Dalam konteks pandemi COVID-19, sistem kesehatan di seluruh dunia menjadi tegang
karena permintaan layanan yang meningkat pesat untuk penanganan penyakit ini dan
penyakit lain yang sudah ada. Dukungan dari The Carter Center dan WHO telah
memperkuat pengawasan aktif di semua komunitas distrik Gog dan Abobo termasuk
mereka yang tinggal di daerah lintas perbatasan, terutama di dalam dan sekitar kamp
pengungsi, untuk mencegah penyebaran penyakit ke Sudan Selatan.
Saran WHO
Tidak ada vaksin untuk mencegah penyakit ini, juga tidak ada obat untuk mengobati
pasien. Pencegahan dimungkinkan, karena penerapan strategi pencegahan yang
berhasil telah mendorong penyakit ke ambang pemberantasan. Strategi pencegahan
meliputi:
• meningkatkan pengawasan untuk mendeteksi setiap kasus dalam waktu 24 jam
setelah munculnya cacing;
• mencegah penularan dari setiap cacing dengan mengisolasi dan merawat kasus,
melalui pembersihan rutin dan balutan area kulit yang terkena sampai cacing benar-
benar keluar dari tubuh;
• mencegah kontaminasi air minum dengan mencegah orang yang terinfeksi atau inang
hewan yang baru muncul cacing masuk ke dalam air;
• memastikan akses yang lebih luas ke pasokan air minum yang lebih baik untuk
mencegah infeksi;
• menyaring air dari badan air terbuka sebelum diminum;
• melaksanakan pengendalian vektor dengan menggunakan larvasida temephos; dan
• mempromosikan pendidikan kesehatan dan perubahan perilaku.
Saat ini mereka hanya lima negara dengan penularan penyakit asli: Angola, Chad,
Ethiopia, Mali 2 dan Sudan Selatan. Setiap negara memiliki Program Pemberantasan
Cacing Guinea nasionalnya sendiri.
Setelah mengklaim gangguan penularan, negara-negara endemik harus menunjukkan
dan mendokumentasikan bukti tidak adanya penularan penyakit cacing guinea asli
selama setidaknya tiga tahun berturut-turut agar memenuhi syarat untuk dipertimbangkan
oleh Komisi Internasional untuk Sertifikasi Pemberantasan Dracunculiasis
(ICCDE). ICCDE memutuskan, setelah pertimbangan yang memuaskan, apakah akan
merekomendasikan negara untuk sertifikasi oleh Organisasi Kesehatan Dunia sebagai
negara bebas dari penularan cacing guinea.

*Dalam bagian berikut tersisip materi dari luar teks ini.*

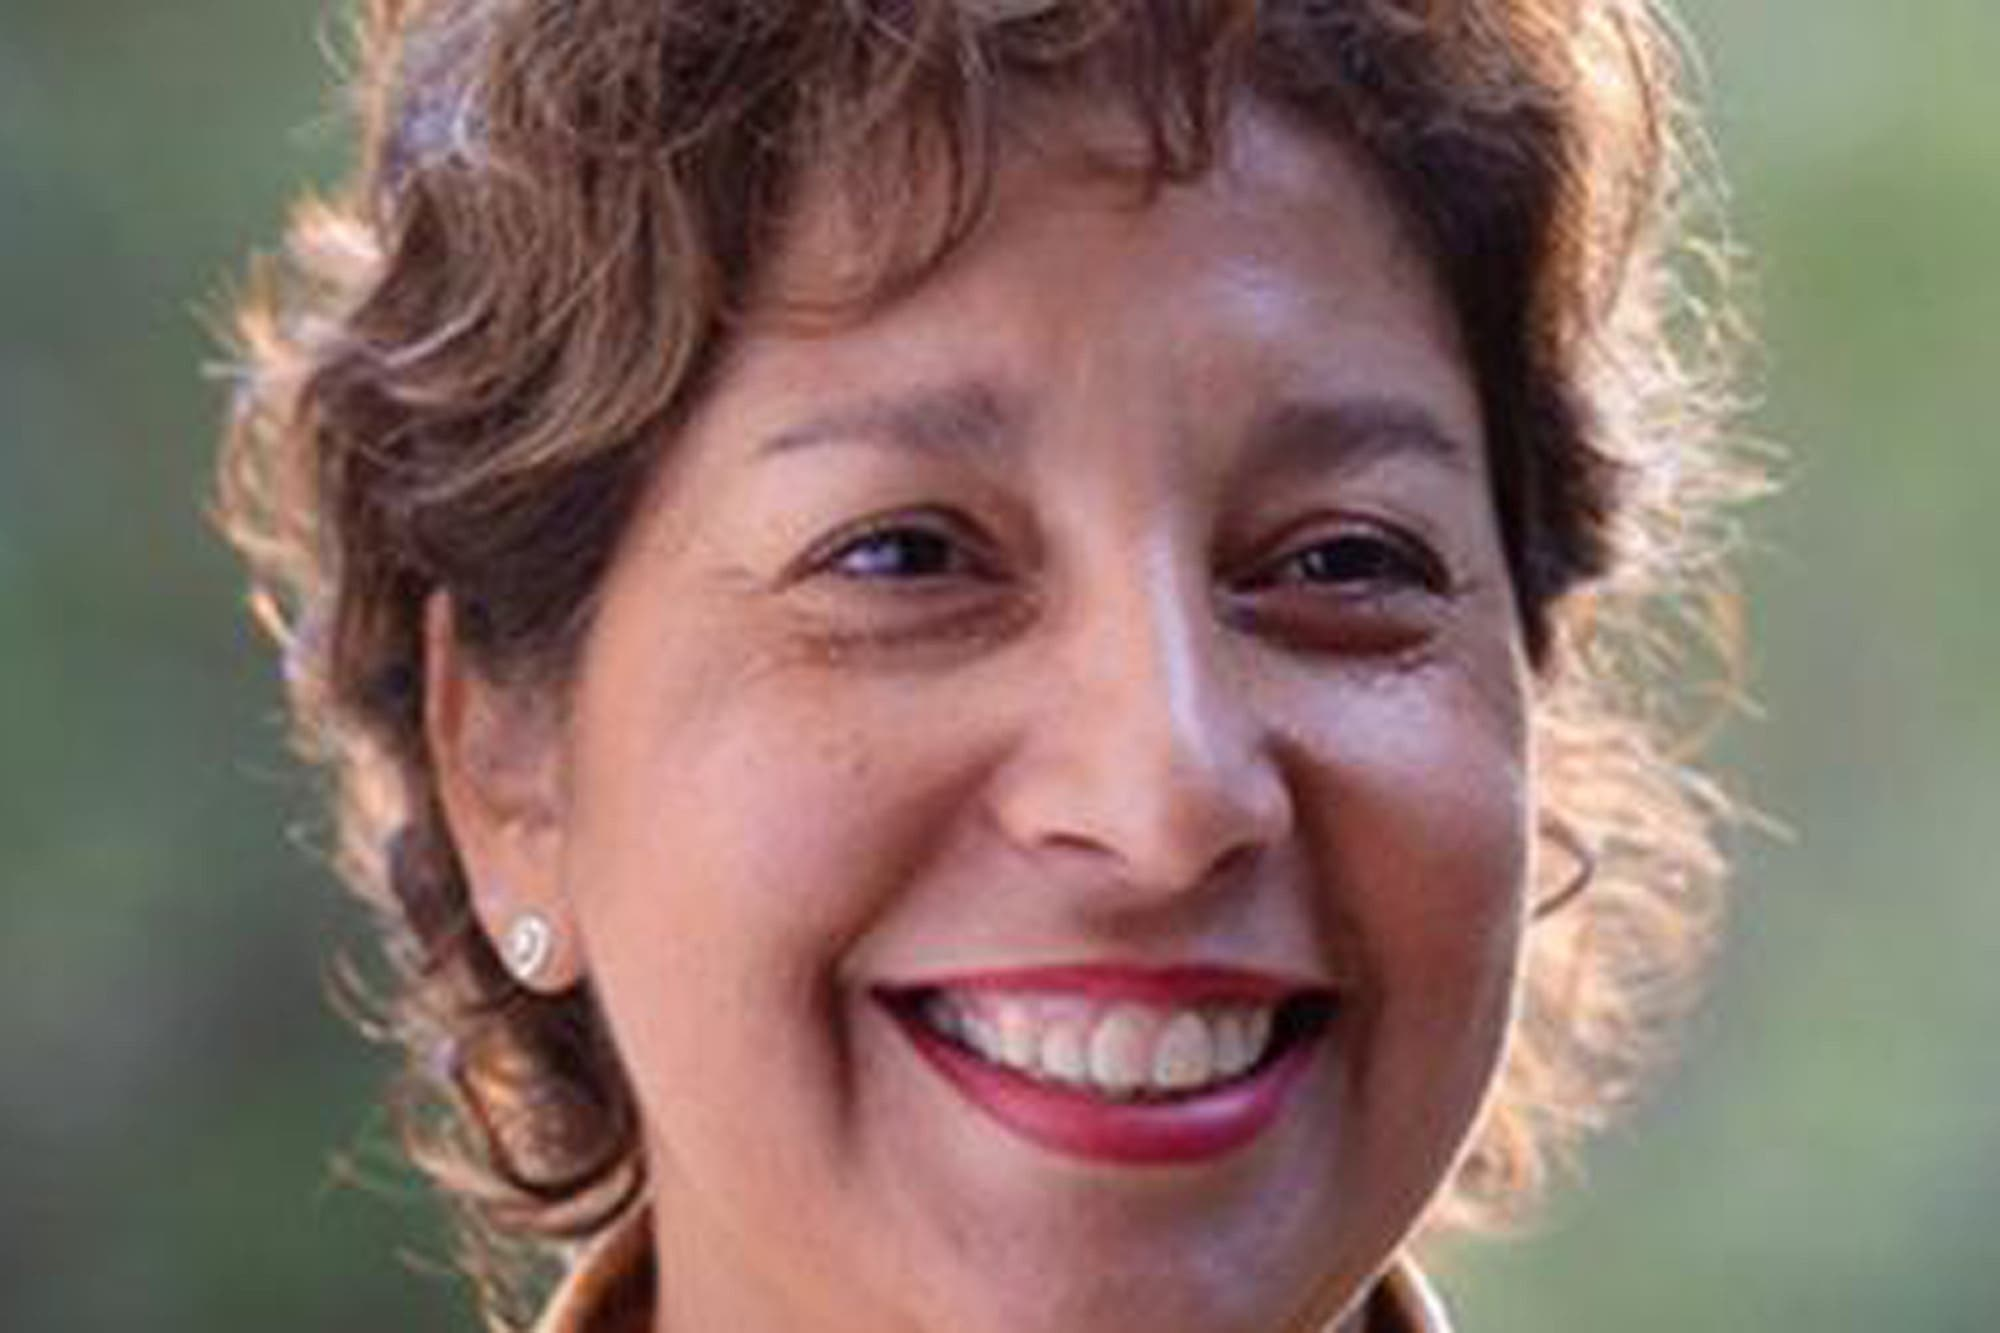 Río Negro: quién es Arabela Carreras, la mujer que se convirtió en  candidata a gobernadora dos semanas atrás - LA NACION

Untuk informasi lebih lanjut tentang Dracunculiasis (penyakit cacing guinea):
• Lembar fakta WHO, Dracunculiasis (penyakit cacing guinea)
• WHO, pemberantasan Dracunculiasis
• Total Kasus The Carter Center, Guinea Worm
• The Carter Center, Guinea worm mewabah di Ethiopia pada tahun 2017
• CDC Parasites - Guinea Worm
• Eliminasi Penyakit Cacing Guinea di Ethiopia; Status Penyakit Saat Ini, Strategi
Pemberantasan dan Tantangan hingga Game Akhir
• Dokumen panduan WHO - COVID-19: Panduan operasional untuk memelihara layanan
kesehatan penting selama wabah
1
Persyaratan WHO: Semua spesimen cacing harus diperoleh dari setiap kasus untuk
konfirmasi laboratorium dan dikirim ke Pusat Kolaborasi WHO untuk Penelitian,
Pelatihan, dan Pengendalian Dracunculiasis di Pusat Pengendalian dan Pencegahan
Penyakit (CDC) Amerika Serikat.
2
Mali tidak melaporkan kasus manusia selama empat tahun berturut-turut (2016-2019)
tetapi terus melaporkan penularan antar hewan.